Searchers smashed through doors in New Orleans in hunt for the dead to homes that had been locked and to blocks hardest hit by Katrina's flooding. Behind those doors, officials said they expected a sharply escalating body count even as the overall death toll passed 1,000.
"There still could be quite a few, especially in the deepest flooded areas," U.S. Coast Guard Capt. Jeffrey Pettitt, who is overseeing the retrieval of bodies, said Wednesday. "Some of the houses, they haven't been in yet." Officials said searchers are beginning to find more children.
The death toll in Louisiana stood at 799 on Wednesday, an increase of 153 bodies since the weekend and nearly 80 percent of the 1,036 deaths attributed to Hurricane Katrina across the Gulf Coast region. Pettitt and other officials would not speculate on what the final tally could be. They said the effort could last another four to six weeks.

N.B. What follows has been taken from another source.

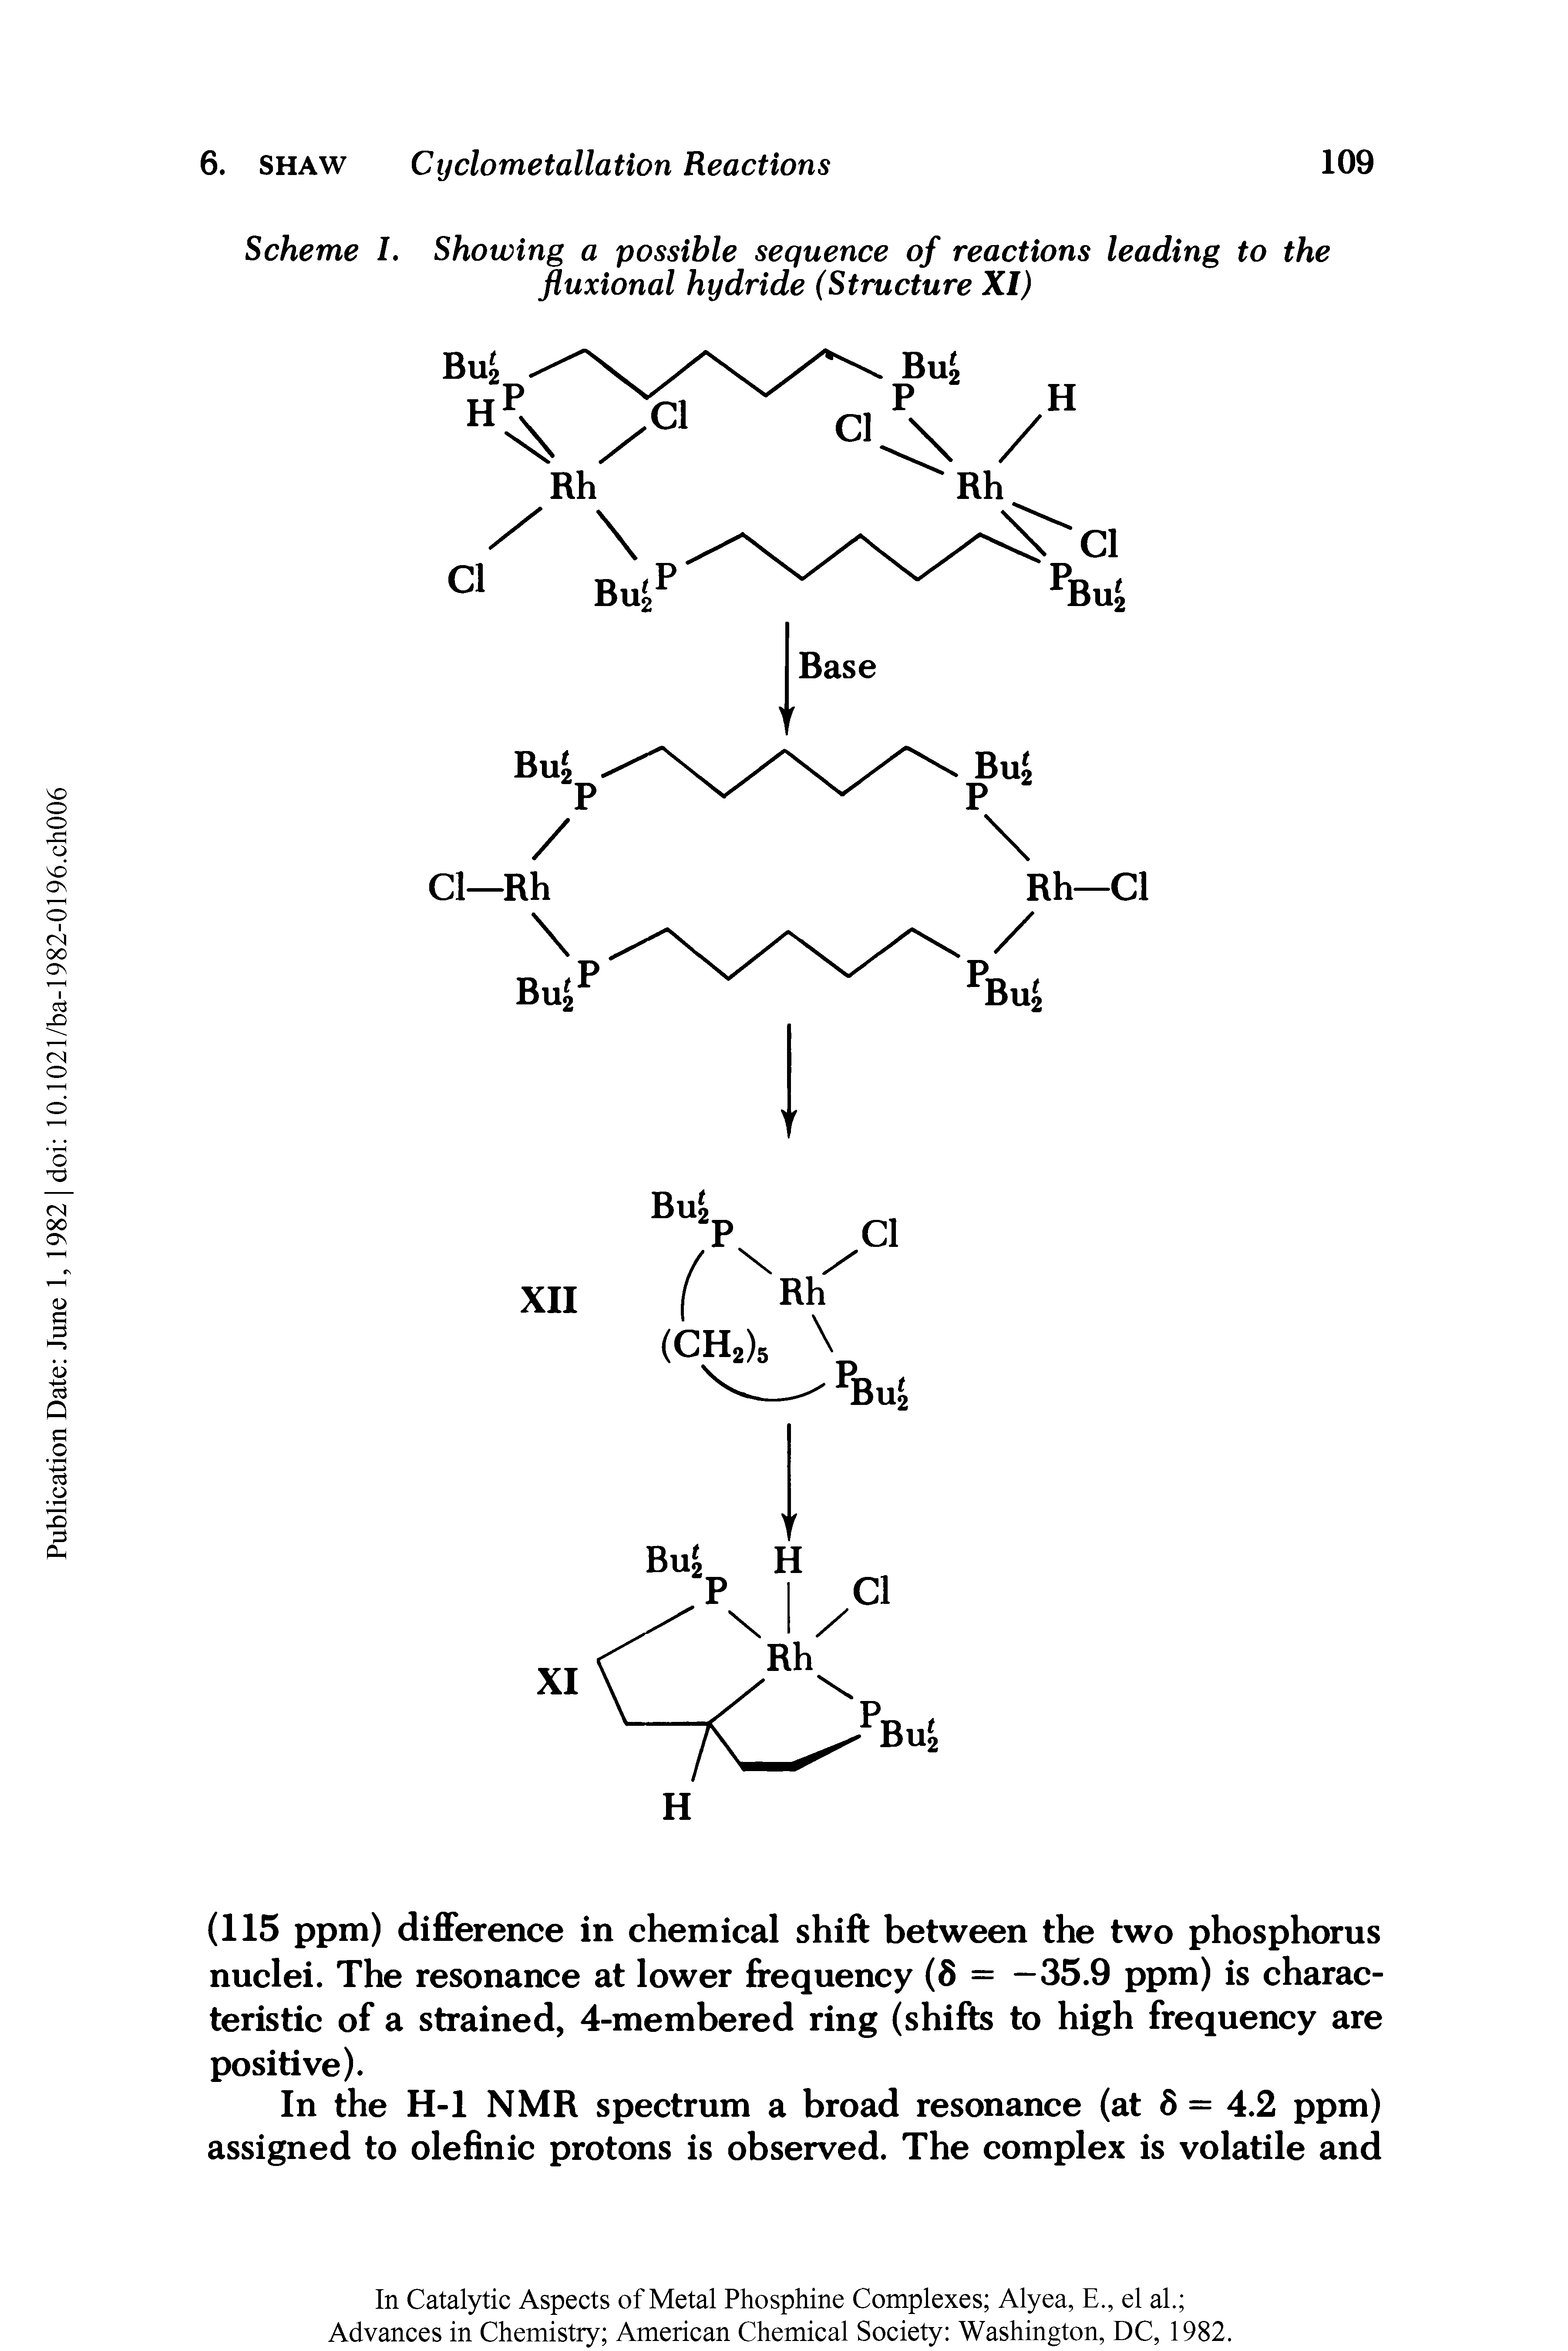 Scheme I. Showing a possible sequence of reactions leading to the fluxional hydride (Structure XI)...

About 500 people are involved in the search of locked homes, the third and most intense phase of the recovery effort. Initially, authorities made a hasty sweep through neighborhoods to identify the living and dead. That was followed by a door-to-door search, though locked doors were off-limits.
Previously, they had not entered unless they saw a body or heard someone inside. Now, even a high water mark on the side of a home was enough to allow them to go in.
At one home, Capt. Edan Jacobs of the Miami-Dade Fire Department kicked at a door a dozen times, then used a sledgehammer. The searchers, wearing special masks to ward off the mold and stench, sometimes have to go to three different entrances before they find one not blocked by refrigerators or couches.
Police officers and National Guardsmen stood by, weapons ready, as emaciated dogs circled.
"We try not to destroy the homes, but we have to get inside," said fire department Lt. Eric Baum. "Drastic circumstances call for drastic measures,” reports the AP.